Mandrake divide sus aventuras entre casos misteriosos y enigmas policiacos (que con el
paso de los años se adueñarían de los destinos de la strip), y un divertido vagabundeo
por el mundo, mostrado aquí como sucesión de reinos de opereta, exotismo arábigo y
con algunas influencias de Jonathan Swift, momias y hombres-lobo, tumbas profanadas
y dinosaurios inevitables, magos malvados como El Cobra (que fue su propio maestro),
mundos fantásticos con abundantes dosis de erotismo en los serrallos y despendolados
pases de birlibirloque por parte del héroe, desarmado siempre.
Mefistofélico y hierático, sin despeinarse jamás el
negrísimo cabello engominado, sólo alzando la ceja y
atusándose el bigote con el esperado gesto teatral,
Mandrake usaría sus poderes para romper de continuo la
barrera entre realidad y ficción, para volar, levitar, hacer
volar y hacer levitar a sus enemigos, cambiarles el rostro,
volverlos invisibles, convertirlos en animales, trocar
materiales en oro, empequeñecer a gigantes, doblar
lanzas y espadas, desviar disparos, cualquier cosa que sorprendiera tanto al lector como
a los desvalidos contrincantes del mago. La fantasía desbordada (magníficamente
ejemplificada en las páginas dominicales, donde el lucimiento del artista resulta patente)
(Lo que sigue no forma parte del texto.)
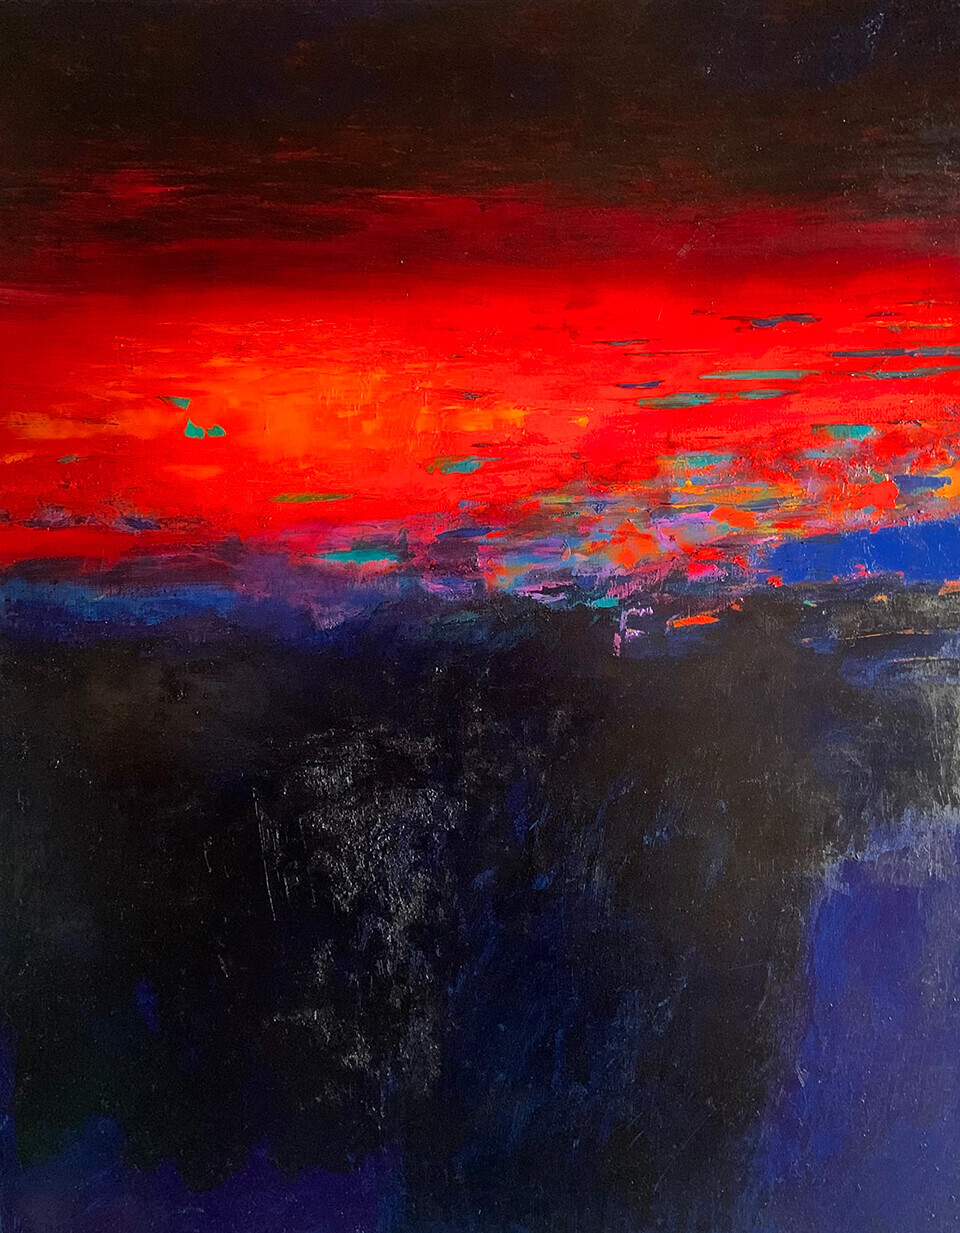 Martyn Brewster 'Seascape Series' 1 oil on canvas 104cm x 84cm box framed

es la característica principal del personaje, un divertido ritual de efectos especiales
dibujados que no podían verse todavía en las pantallas y que conseguían un
impresionante efecto transgresor.
Por desgracia, toda la fantasía desbordada de los poderes del mago en acción, su no
sometimiento a las reglas de la naturaleza, se iría diluyendo con el paso de las décadas,
hasta dejar reducidos los poderes cuasidivinos de Mandrake al uso de hiponosis pura y
simple (explicación que, naturalmente, no explica ni la décima parte de las habilidades
mostradas por el personaje durante sus años de exotismo). La muerte de Phil Davis y su
breve sustitución por su propia esposa primero y por Fred Fredericks más tarde fue
convirtiendo a Mandrake en un detective de aspecto algo ridículo, con aventuras caseras
en los años sesenta y más tarde con un acercamiento al jamesbondismo al que no
pudieron escapar muchos de los grandes personajes clásicos de prensa.
Mandrake queda pues como título característico e imprescindible de los tiempos en que
los cómics podían diversificarse y explorar conceptos y estirar a placer sus argumentos,
cuando a nadie se le ocurría poner trabas a la fantasía, pues por propia definición ésta es
incontenible. Basta un pase mesmérico y un chasquear de dedos para demostrarlo.